_Directions for this task_: Could you transcribe exactly the lines from the one containing "Example of an Income Statement." through the end of the listing below, both included, but none of the pictures?

_Data block_:
* * * * * * *
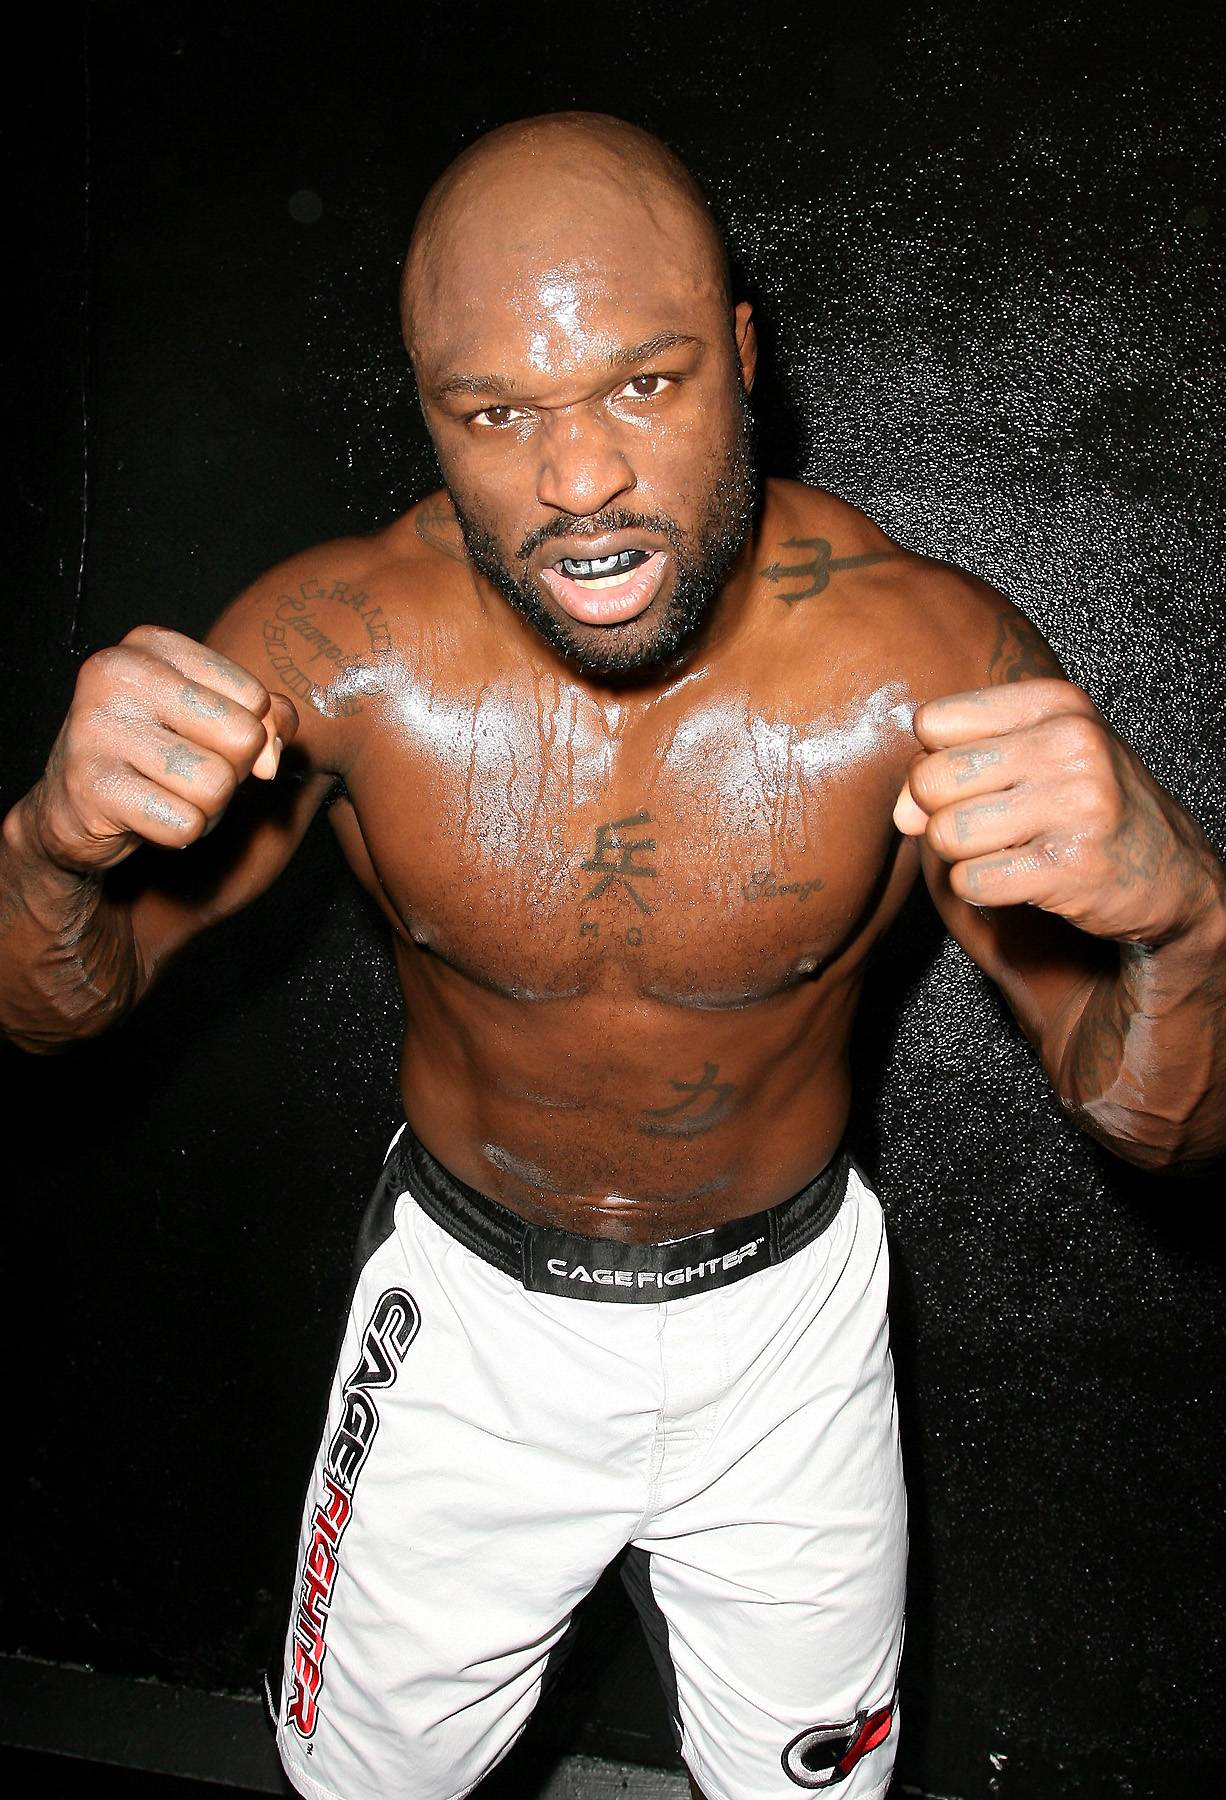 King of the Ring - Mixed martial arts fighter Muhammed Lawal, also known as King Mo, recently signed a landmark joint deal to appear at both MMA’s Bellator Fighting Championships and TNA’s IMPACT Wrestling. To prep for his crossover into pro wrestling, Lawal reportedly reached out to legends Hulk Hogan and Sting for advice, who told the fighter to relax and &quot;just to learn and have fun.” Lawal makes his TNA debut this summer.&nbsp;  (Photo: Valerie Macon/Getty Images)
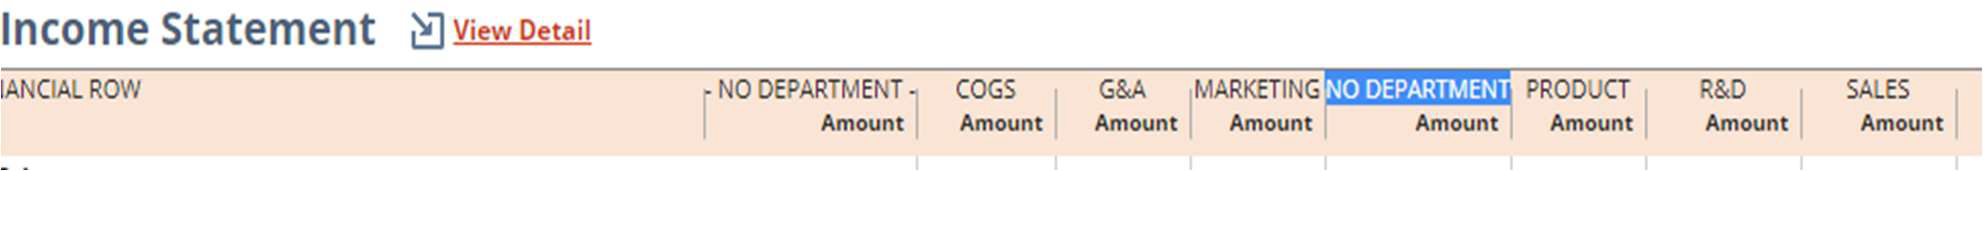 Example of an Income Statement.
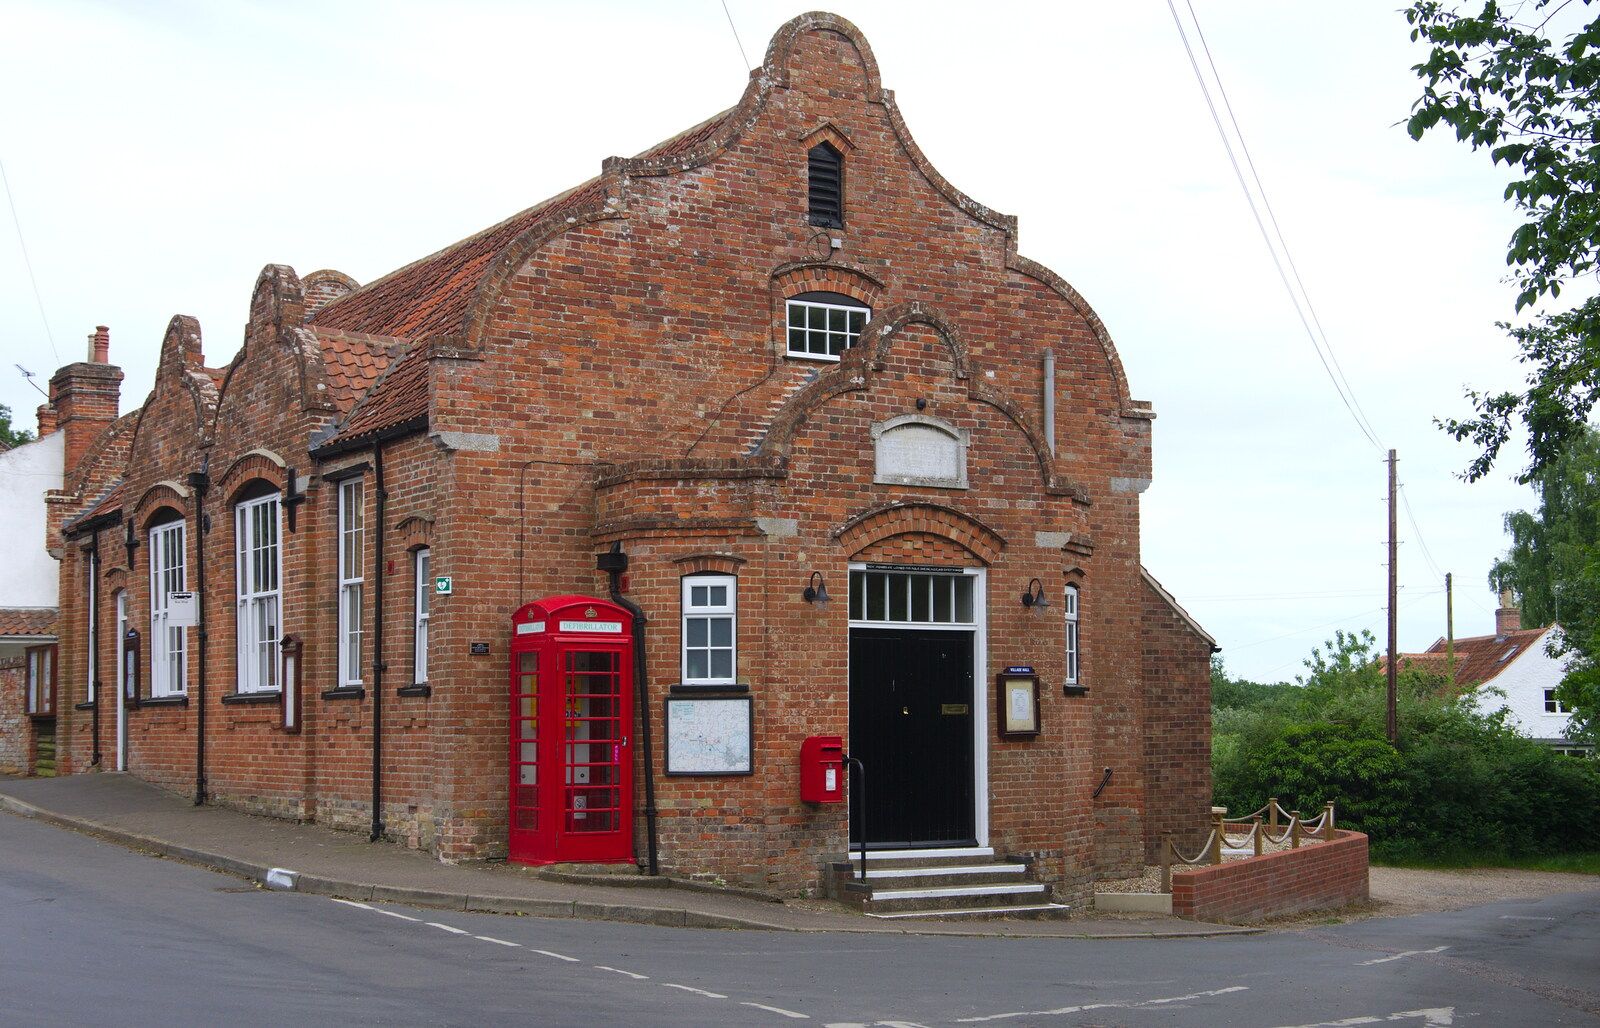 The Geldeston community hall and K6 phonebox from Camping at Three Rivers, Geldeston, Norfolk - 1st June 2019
* * * * * * *
_Task response_:
 Example of an Income Statement.
 The Geldeston community hall and K6 phonebox from Camping at Three Rivers, Geldeston, Norfolk - 1st June 2019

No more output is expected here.